When are we going to see flat screens whose LEDs produce polarised light, so that (now with each pixel made of six LEDs, of three colours and two polarisations) we can put on polarising glasses and see full 3D images without having to go cross-eyed or coax our eyes to focus on something other than what we’re paying attention to ?
We have those. https://en.wikipedia.org/wiki/3D_television#TV_sets They’re still too expensive, and the 3D fad is falling away again. But the next time it comes back, the technology will be ready.
Current 3D movie technology uses circularly polarised light, because it has the advantage that you can tilt your head slightly without experiencing cross-talk between the left and right eye images. Plane polarised has been used in the past.
And yes, as Toby replied already, that’s how present 3D TVs and monitors work.
Ah-ha! Now I finally know why I never enjoyed those Magic Eye books! They must be done with parallel pictures, but I never got the hang of viewing 3D images that way, but prefer the cross-eyed method, leading to inverted pictures.

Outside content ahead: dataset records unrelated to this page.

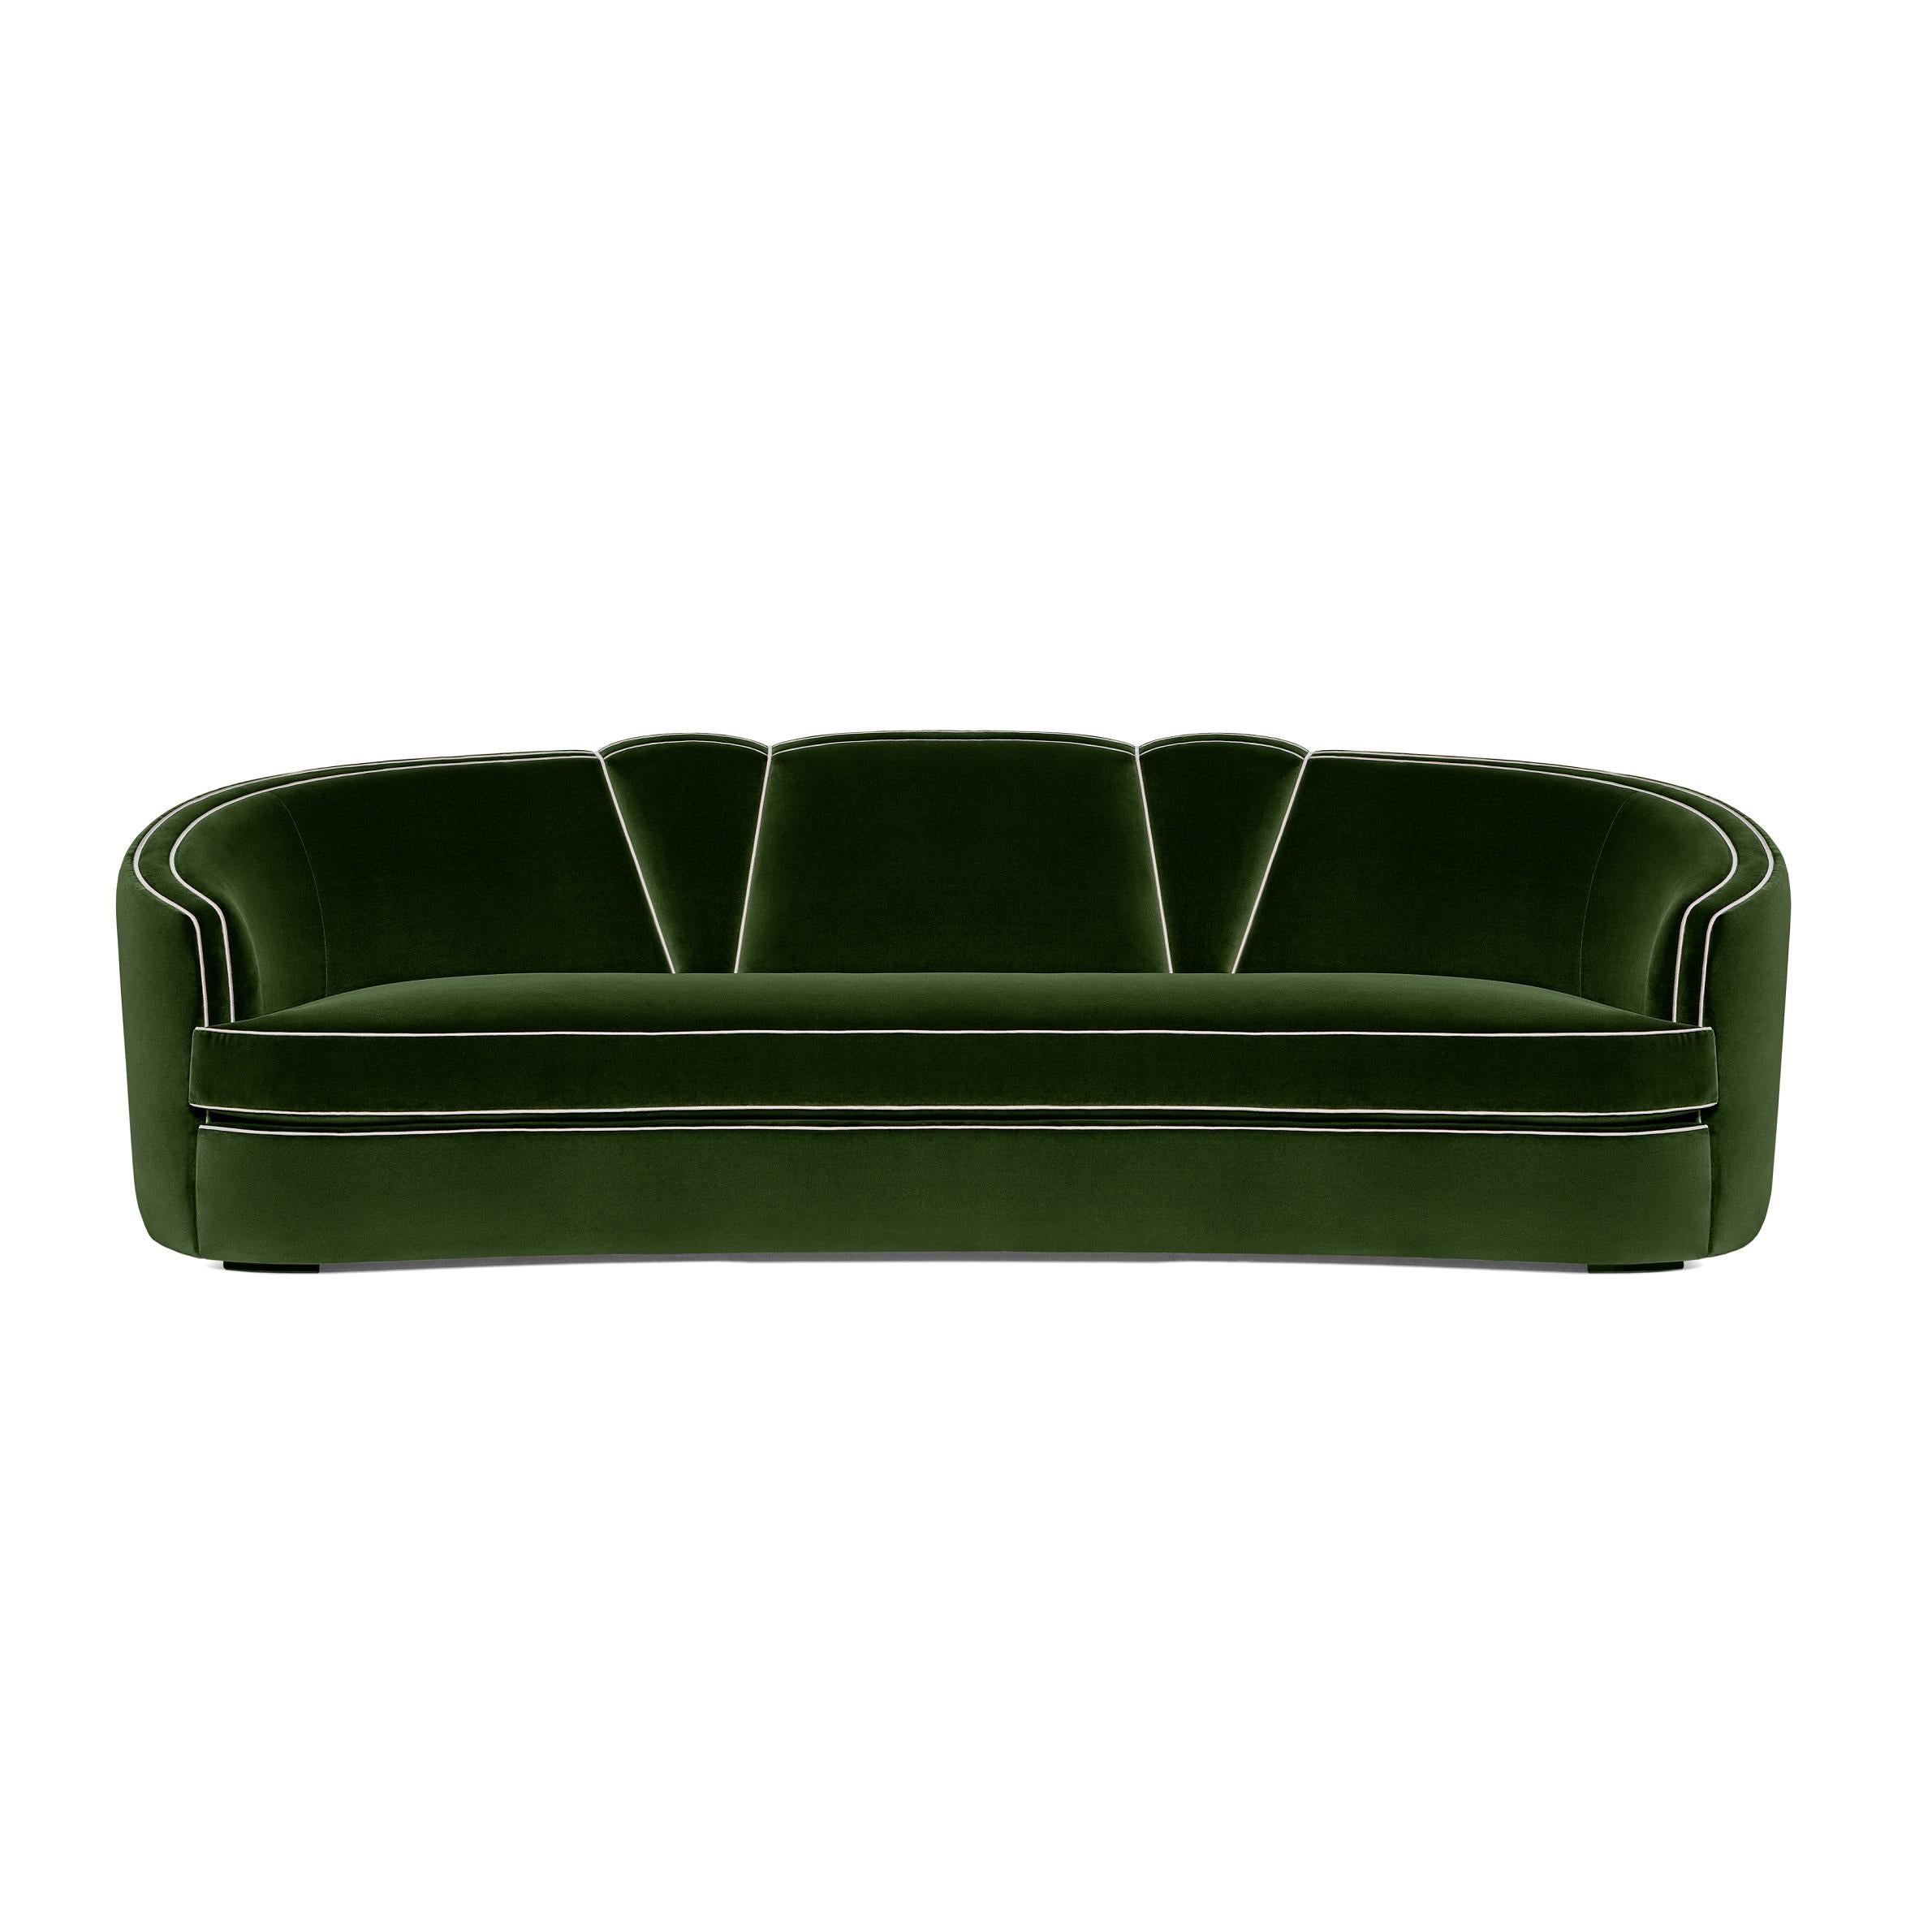 Dieses Sofa zeichnet sich durch ein wunderbar elegantes Fächermotiv mit akzentuiert geschwungenen Linien und einer dekadenten und aufwendigen Verarbeitung aus. Die femininen Rundungen werden durch die verschiedenfarbigen Paspeln hinreißend
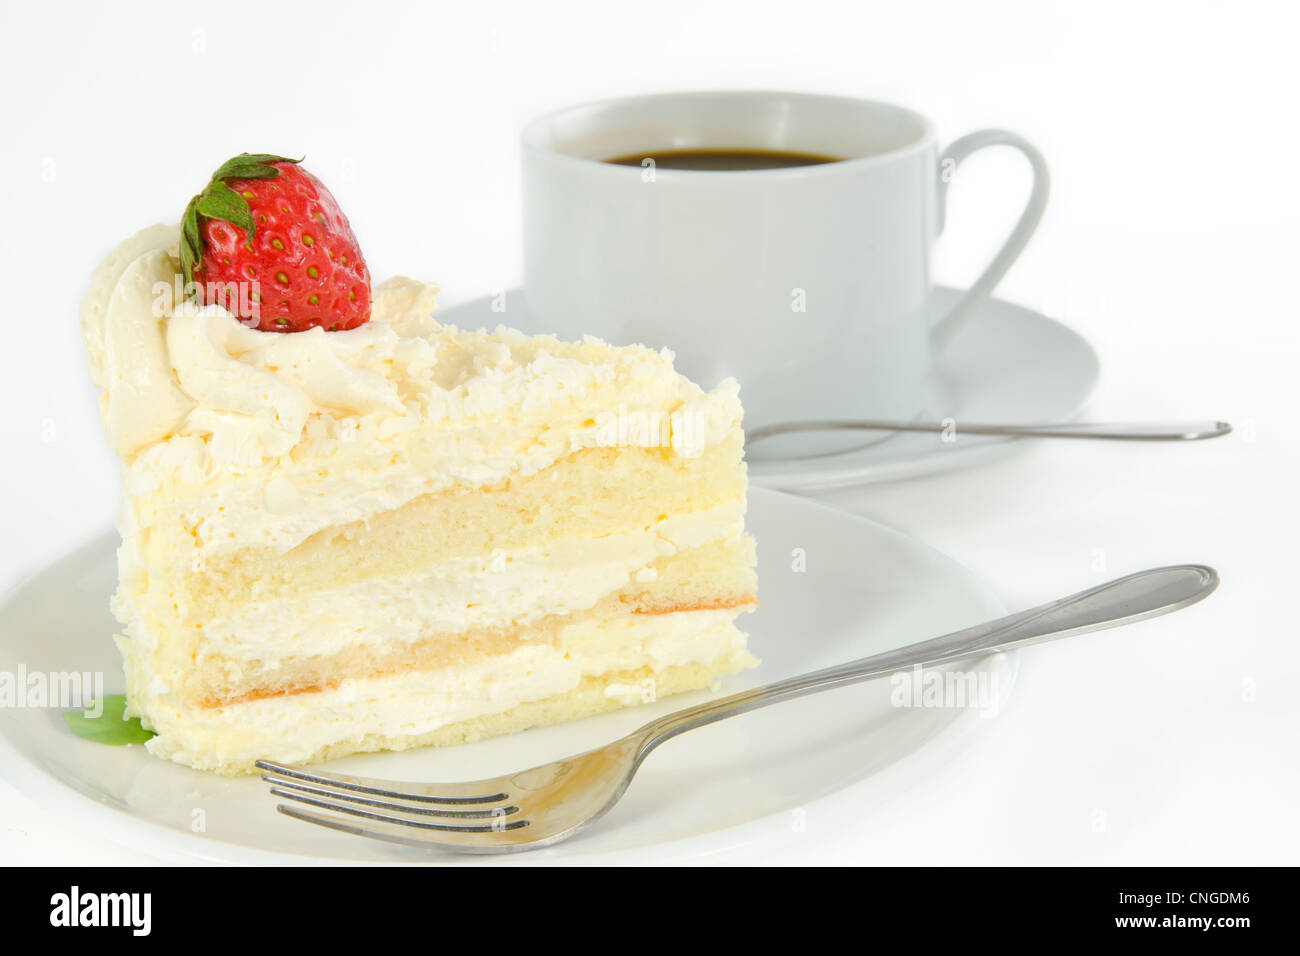 Délicieux gâteau vanille fraise avec décorer sur le dessus et une tasse de café Banque D'Images
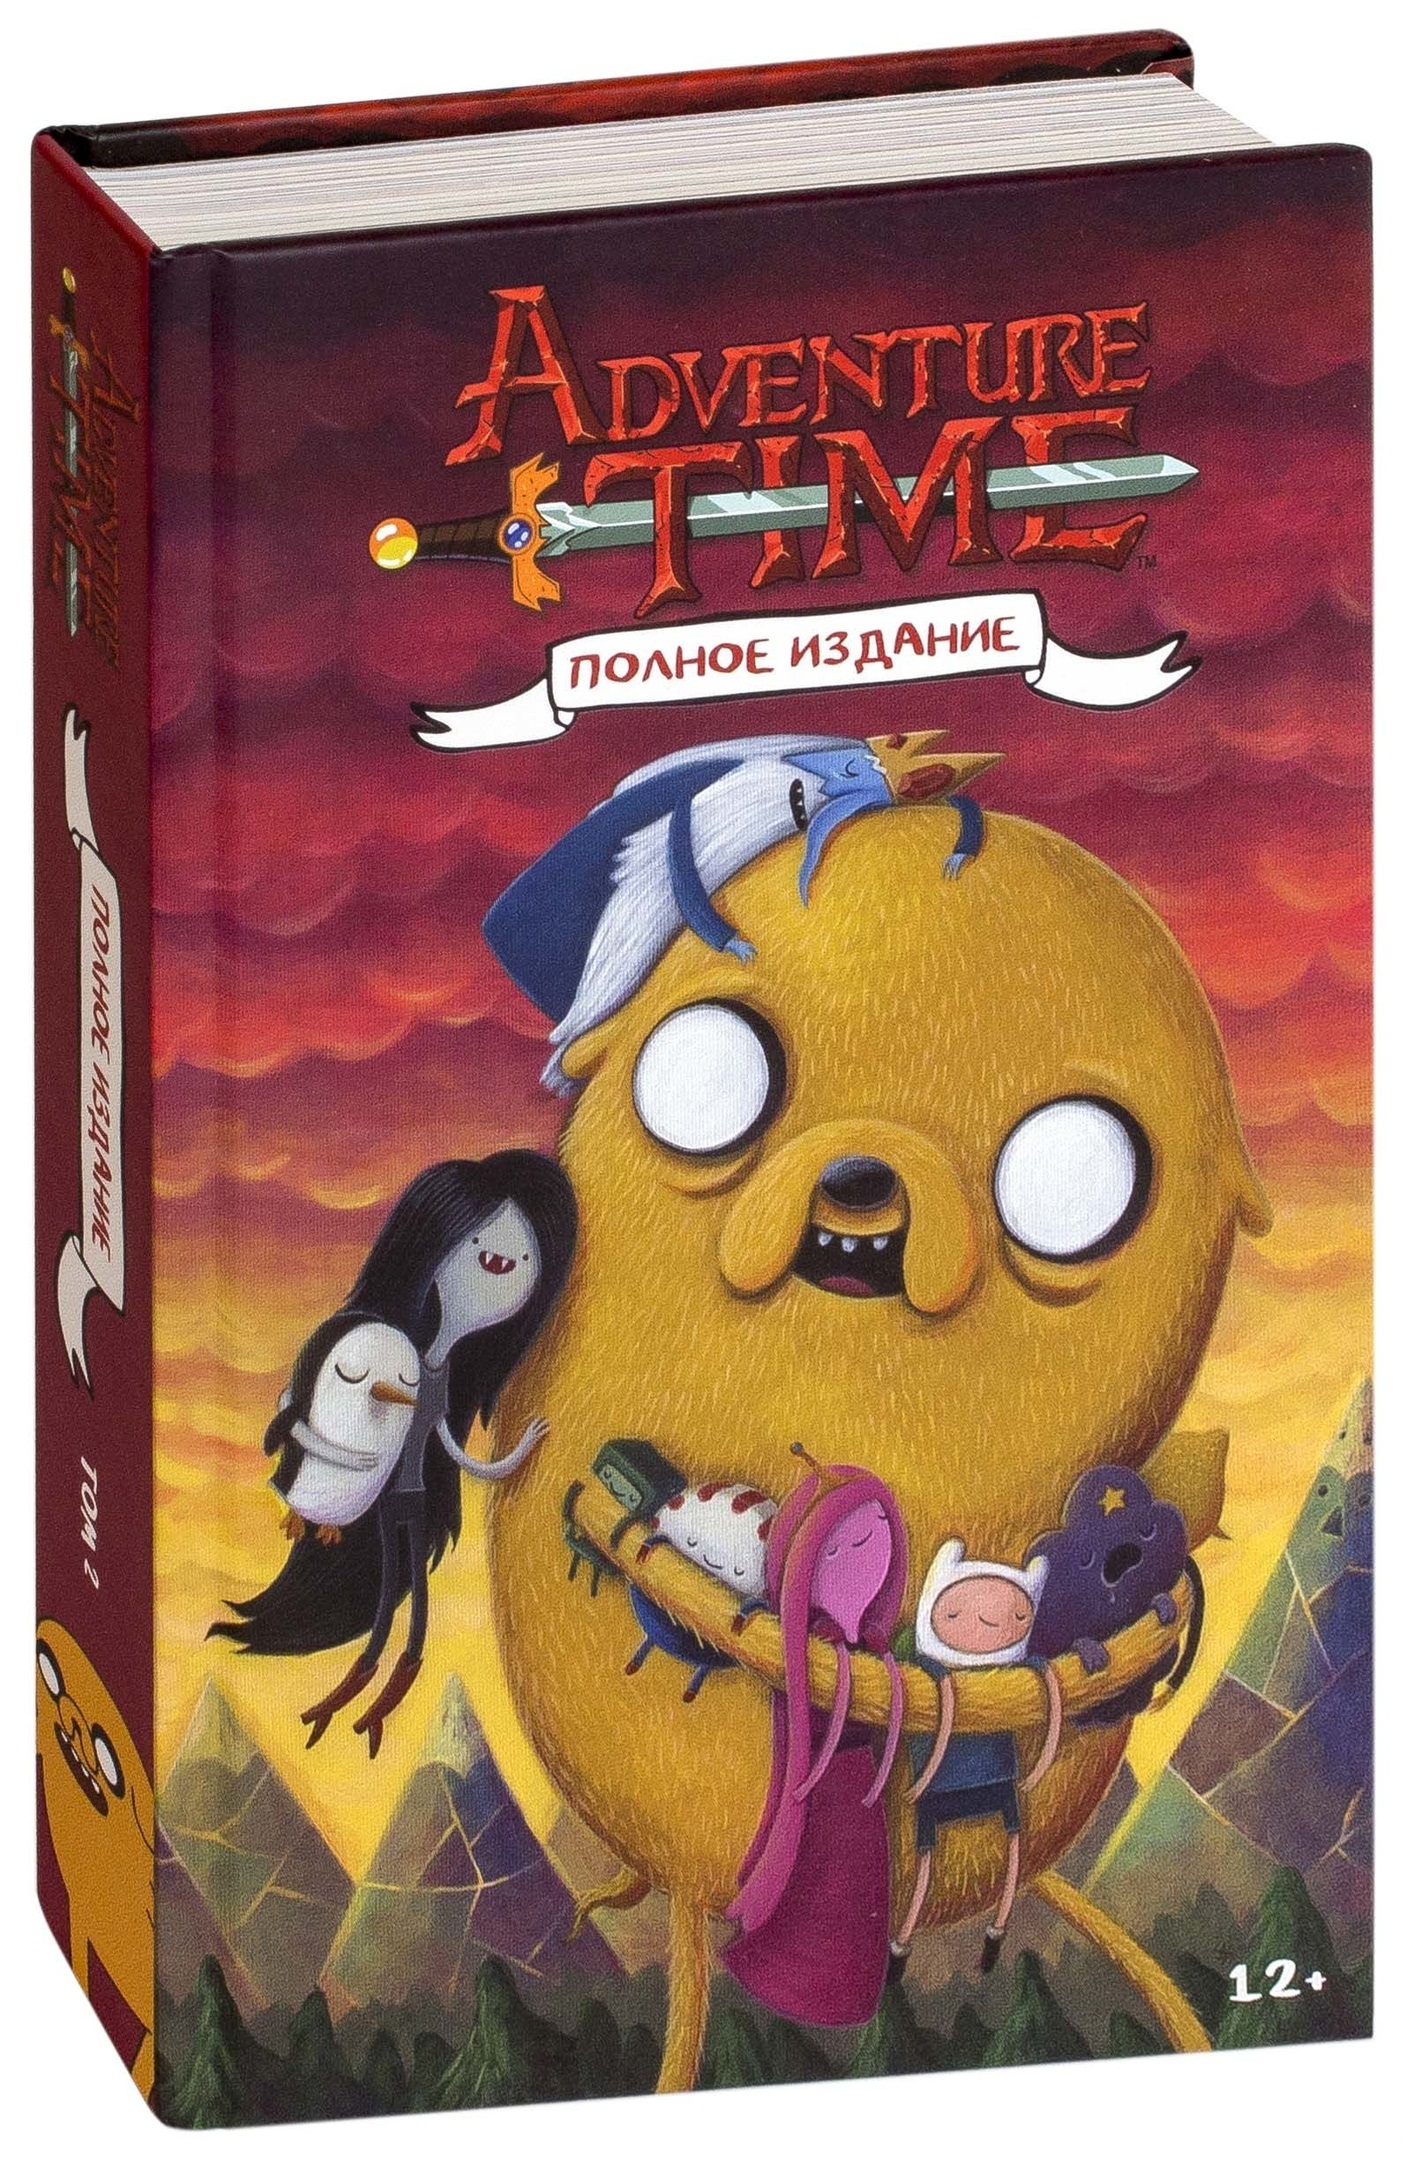 Книги 12 приключения. Adventure time полное издание. Книга Adventure time полное издание. Адвентуре тайм том 2. Время приключений полное издание том 2.

When I look at these pictures, the Earth looks distinctly ellipsoidal (like an American football) with one end pointed mostly (but not entirely) towards me. The effect is stronger on the first set than the second. And I can’t figure out why that’s happening.
Thanks for the tech answers – nice to know both that they use circularly polarised light (clearly the better solution, once possible) and that this technology is now techinically feasible. I know the usual use-case is movies, but a computer monitor with this tech (and circular-polarisation filters to attach to my glasses) would let me have a nice 3-D display for VR without all that palava of a huge clunky head-set !
I noticed errors on re-reading, possibly in the paper quoted but maybe a transcription error: “The height error at a ground point S km away from the origin is given by the well-known expression: ΔZ = Y^2/2R km” – the text talks about a distance S km away, but the formula uses Y-squared, where it should clearly use S-squared.